10 Introduction to Structured Data
Earlier we had our first look at types. Until now, we have only seen
the types that Pyret provides us, which is an interesting but
nevertheless quite limited set. Most programs we write will contain
many more kinds of data.
10.1 Understanding the Kinds of Compound Data
10.1.1 A First Peek at Structured Data
There are times when a datum has many attributes, or parts. We
need to keep them all together, and sometimes take them apart. For
instance:
An iTunes entry contains a bunch of information about a single
song: not only its name but also its singer, its length, its genre,
and so on.

Your GMail application contains a bunch of information about a
single message: its sender, the subject line, the conversation it’s
part of, the body, and quite a bit more.

In examples like this, we see the need for structured data: a
single datum has structure, i.e., it
actually consists of many pieces. The number of pieces is
fixed, but may be of different kinds (some might be numbers,
some strings, some images, and different types may be mixed together
in that one datum). Some might even be other structured data:
for instance, a date usually has at least three parts, the day, month,
and year. The parts of a structured datum are called its fields.
10.1.2 A First Peek at Conditional Data
Then there are times when we want to represent different kinds of
data under a single, collective umbrella. Here are a few examples:
A traffic light can be in different states: red, yellow, or
green.Yes, in some countries there are different or more
colors and color-combinations. Collectively, they represent one
thing: a new type called a traffic light state.
A zoo consists of many kinds of animals. Collectively, they
represent one thing: a new type called an animal. Some condition
determines which particular kind of animal a zookeeper might be dealing
with.
A social network consists of different kinds of pages. Some
pages represent individual humans, some places, some organizations,
some might stand for activities, and so on. Collectively, they
represent a new type: a social media page.
A notification application may report many kinds of events. Some
are for email messages (which have many fields, as we’ve discussed),
some are for reminders (which might have a timestamp and a note), some
for instant messages (similar to an email message, but without a
subject), some might even be for the arrival of a package by physical
mail (with a timestamp, shipper, tracking number, and delivery
note). Collectively, these all represent a new type: a notification.
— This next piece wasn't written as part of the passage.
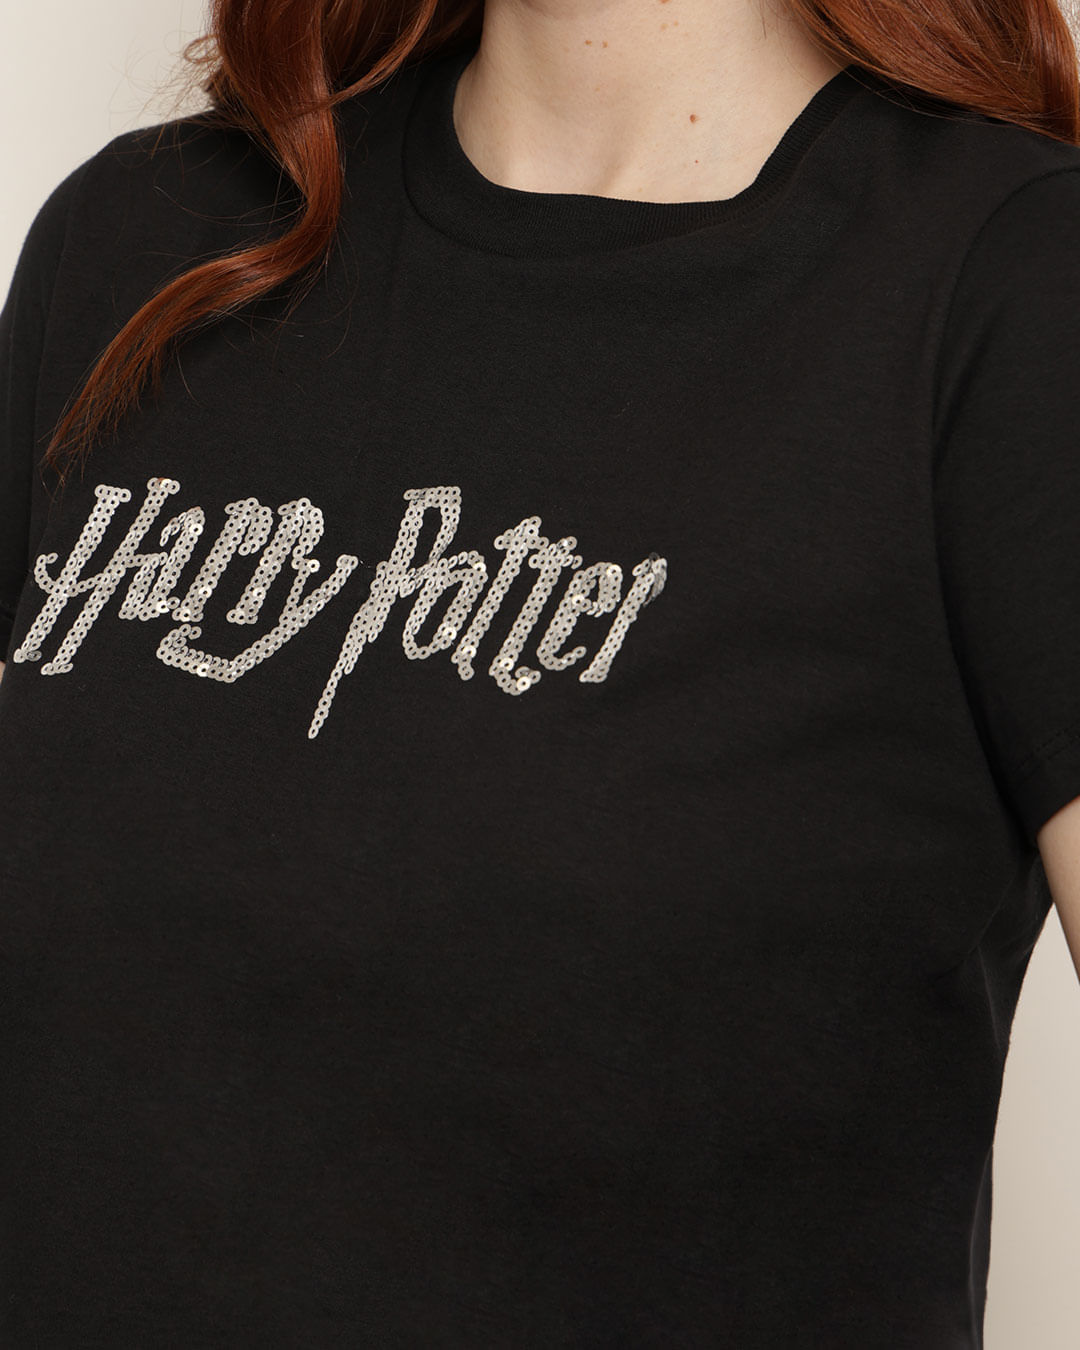 Camiseta-Mc-Harry-Potter-30060063---Preto
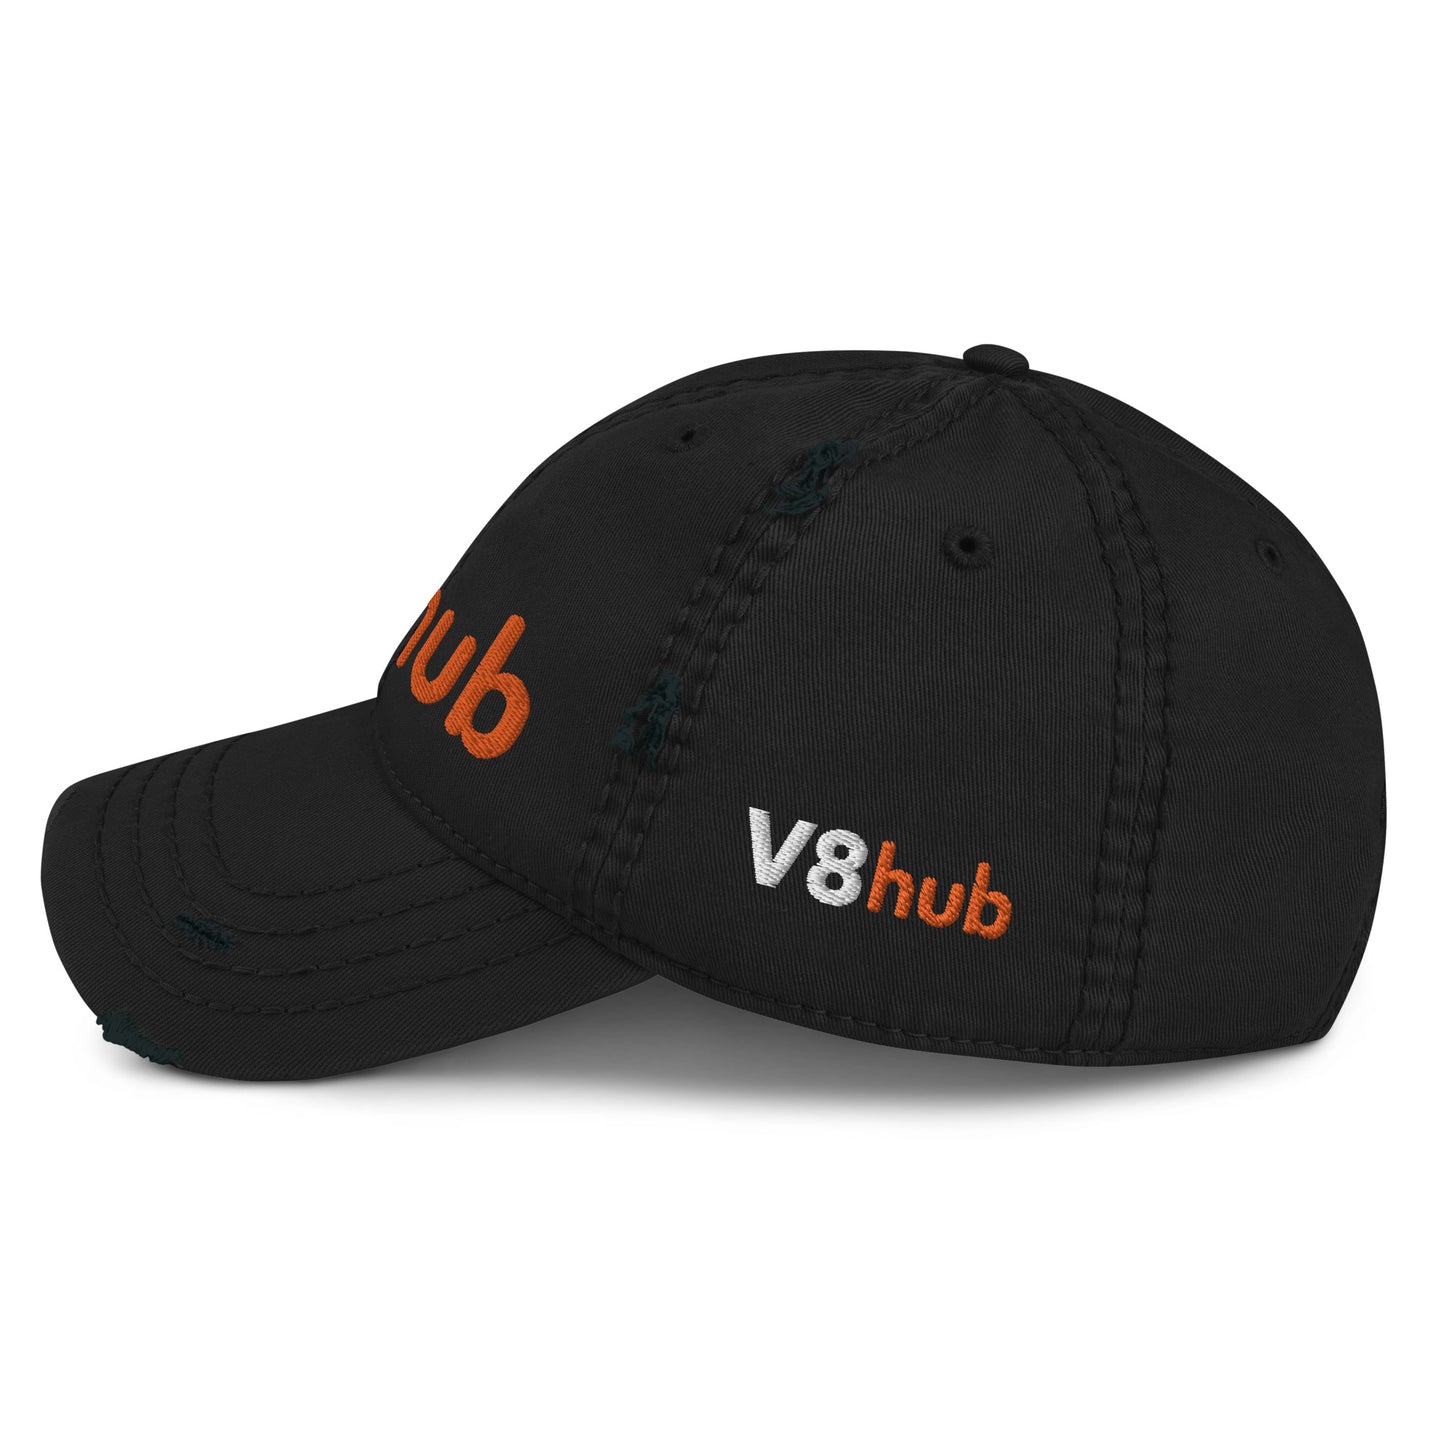 V8hub Cap im Used-Look black

We call these “conditional” data because they represent an “or”: a
traffic light is red or green or yellow; a social
medium’s page is for a person or location or
organization; and so on. Sometimes we care exactly which kind of thing
we’re looking at: a driver behaves differently on different colors,
and a zookeeper feeds each animal differently. At other times, we
might not care: if we’re just counting how many animals are in the
zoo, or how many pages are on a social network, or how many unread
notifications we have, their details don’t matter. Therefore, there are
times when we ignore the conditional and treat the datum as a member
of the collective, and other times when we do care about the
conditional and do different things depending on the individual
datum. We will make all this concrete as we start to write programs.
10.2 Defining and Creating Structured and Conditional Data
We have used the word “data” above, but that’s actually been a bit
of a lie. As we said earlier, data are how we represent
information in the computer. What we’ve been discussing above is
really different kinds of information, not exactly how they are
represented. But to write programs, we must wrestle concretely with
representations. That’s what we will do now, i.e., actually show
data representations of all this information.
10.2.1 Defining and Creating Structured Data
Let’s start with defining structured data, such as an iTunes song
record. Here’s a simplified version of the information such an app
might store:
The song’s name, which is a String.
The song’s singer, which is also a String.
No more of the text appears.